Perfect! Is there anything else you’d like to say about DL4MicEverywhere that we haven’t covered?

I’ve often been asked how we know that we’re making a tool user-friendly. While developing DL4MicEverywhere for example, Ricardo and Guillaume gave a lot of input in this direction to Iván Hidalgo-Cenalmor, the main developer of DL4MicEverywhere. Both have a remarkable experience with image processing for microscopy imaging in collaborative projects. I think that’s key to develop the intuition about where and when non-expert researchers will struggle. Another interesting fact is that working in projects such as this one is usually intense and quite dynamic. On one side, we are teams with quite different expertise working together, which requires a fluent and good communication. On the other side, it implies a lot of interaction with users with different backgrounds through different platforms, which is exciting and chaotic at the same time!

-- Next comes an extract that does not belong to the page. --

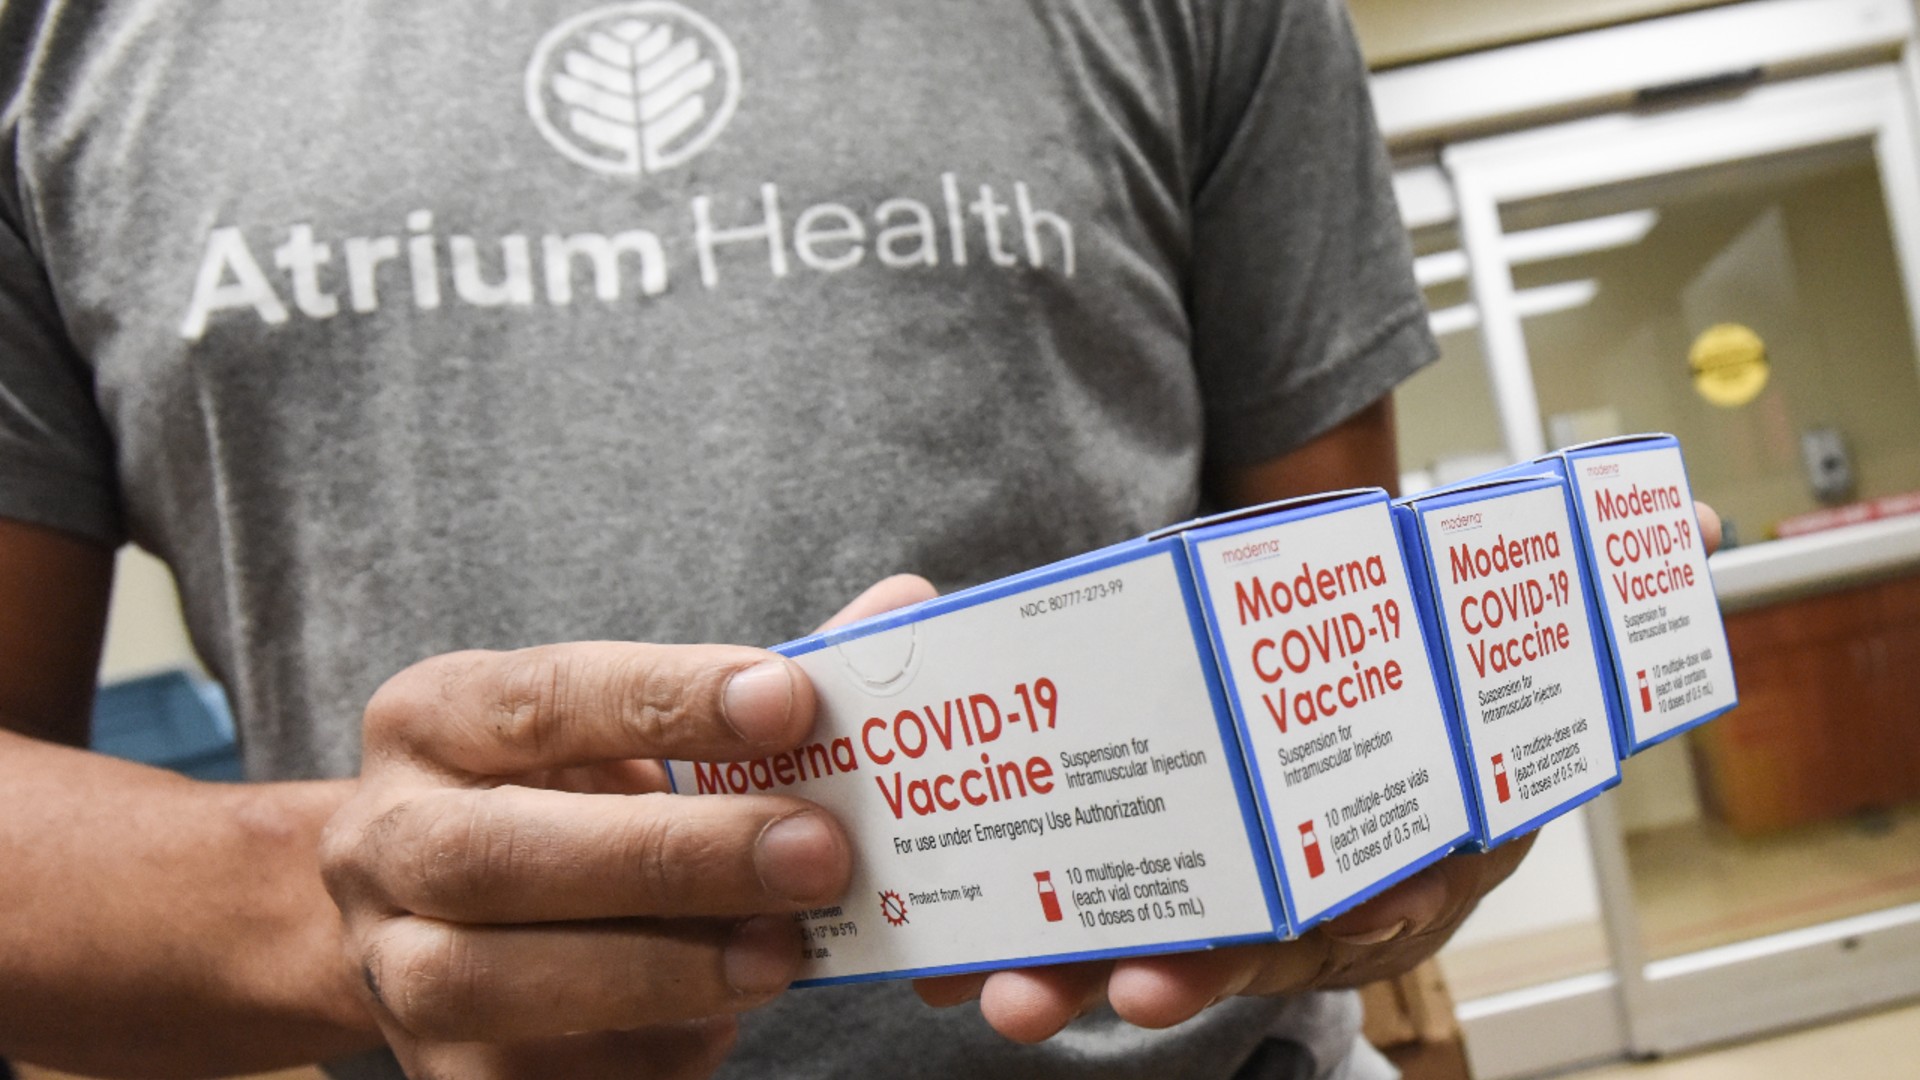 Atrium Health Has Received Moderna COVID-19 Vaccine

What else are you working on now and what’s next for you?

Within Ricardo’s group, I’m working in smart microscopy, phototoxicity and how to overcome it using deep learning augmented microscopy. I’m still very much involved in the BioImage Model Zoo, and the AI4Life project, which I was working on before it was even funded! For the future, I’m spending a bit of time with Ricardo this year, but I will already try applying for some independent positions. I’m still deciding on the specific topic, whether for example, I want to go back to studying cell migration. Certainly, I know that I don’t want to purely develop AI mathematical methods. Ideally, and motivated by my current position, one day I would love to lead a multidisciplinary team running image-driven discovery, where we can keep fusing life sciences, math and technology.

So, what do you call yourself? Are you a developer, a bioimage analyst, a biologist, or just a scientist!?

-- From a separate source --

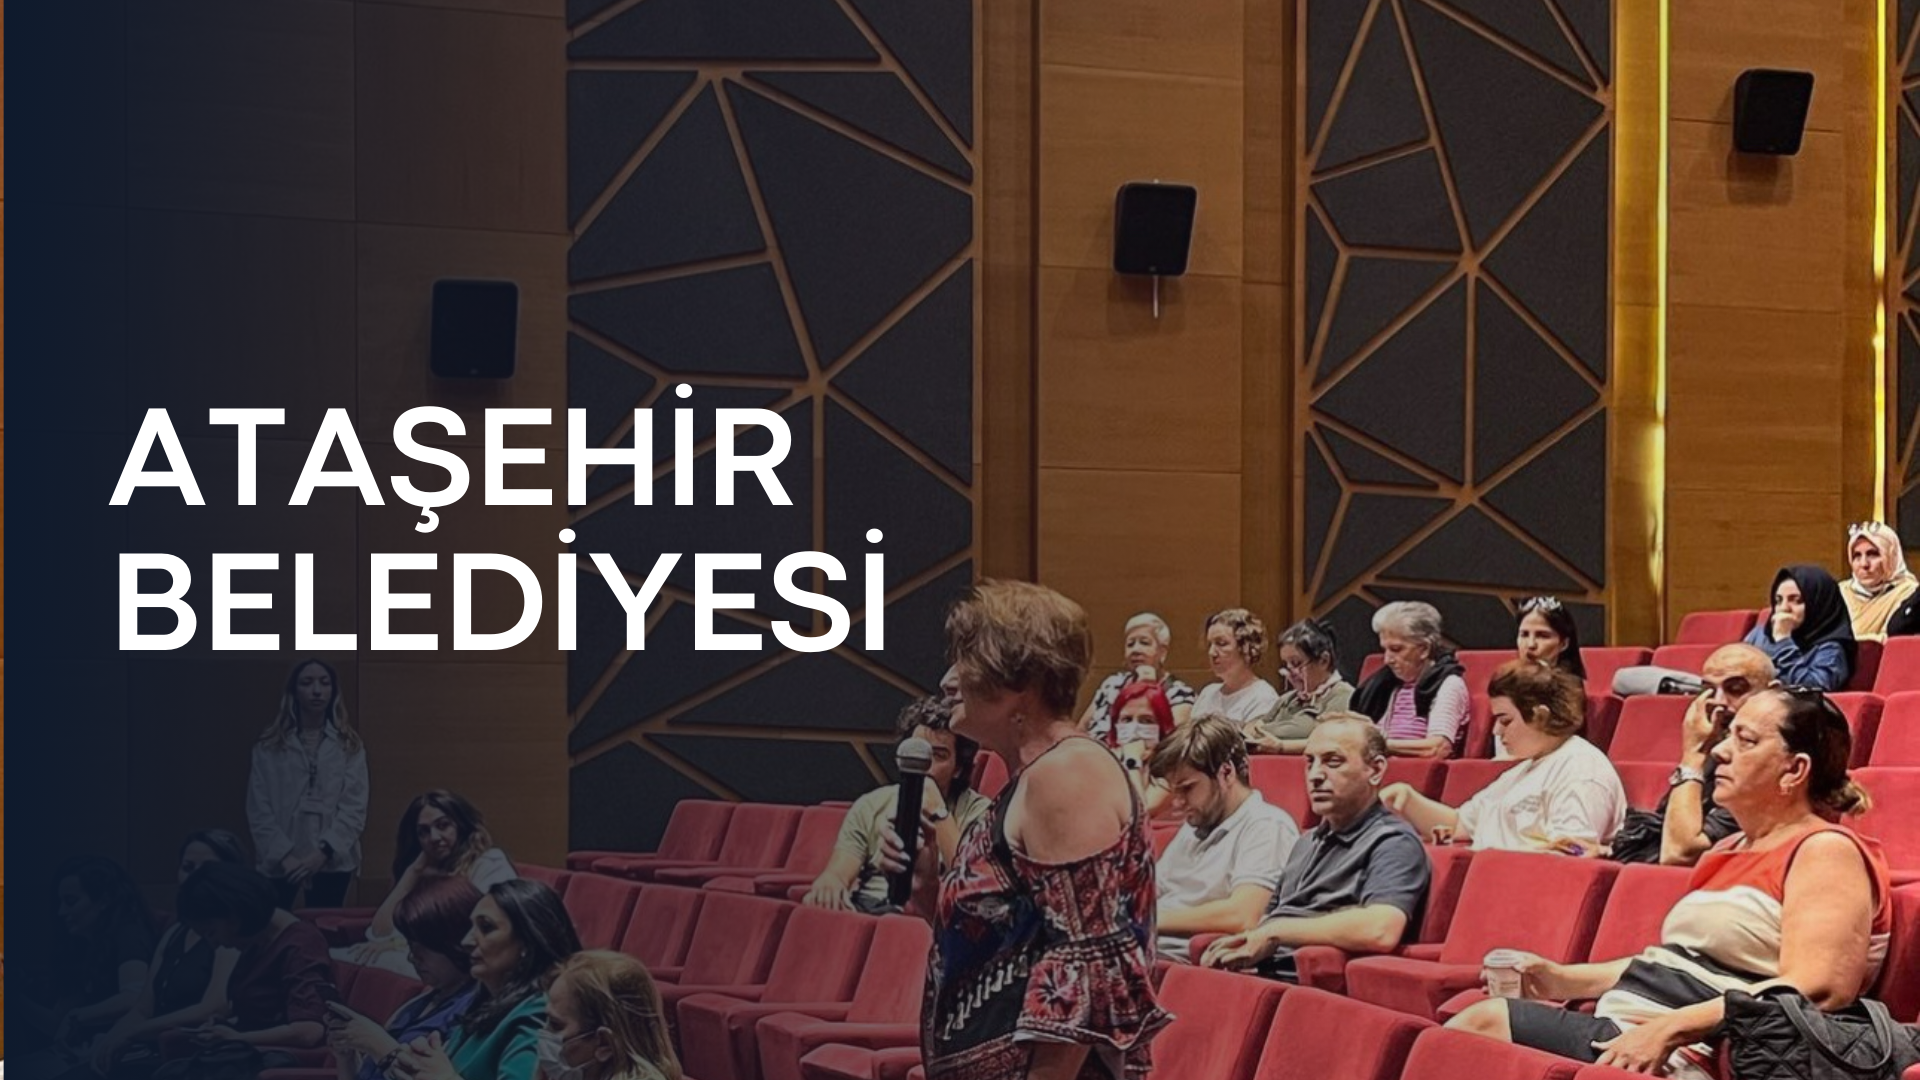 Ataşehir Belediyesi ve Rhyme Export işbirliğiyle 7 haftalık ücretsiz Etsy eğitimi düzenlendi.

I think I’m just a scientist if I must choose one! I do most of them. I’m a developer and I’m a bioimage analyst, but most of it is driven by biological curiosity! I really want to understand the different cellular behaviours I’ve been observing so far while analysing images. Indeed, the analysis is much more than just processing the images. It has a lot of statistics, and often mathematical modelling.

Do you see modelling in your future; it seems like the natural progression from where you are?

Being a mathematician, this is a very tricky question because modelling can get really complicated and scary! There are different types of modelling. For example, 3D dynamic modelling, like surface modelling, would bring me back to my beloved geometry and topology. There is also mechanical modelling, which helps identifying cell migration patterns or understanding tissue formation. This combined with some smart microscopy, sounds quite interesting, so I don’t close the door on it! Still, this would be in the future and will depend on the questions, opportunities and collaborations appearing at a time.

Is there anything else you’d like to add that we haven’t spoken about?

Yes! I’d like to highlight the session on careers at the JCS Imaging Cell Dynamics Journal Meeting with Melike Lakadamyali and Christophe Leterrier. As an ECR, listening to the different routes that others took and how they felt about it at the time was inspiring; it made me reconsider some preconceived ideas. Melike, for example, showed that you can always find a way to achieve your goals, even if it was not as you wished from the beginning or in the way planned. These testimonials can have an impact and are truly inspiring, especially if you have fewer chances to discuss these topics.

Finally, what do you like doing away from work?

I like to keep my private life separated from work. I’m a CrossFit addict, food lover and I very much enjoy visiting museums. I really like to learn about new cultures and languages, which means that living abroad is kind of a hobby!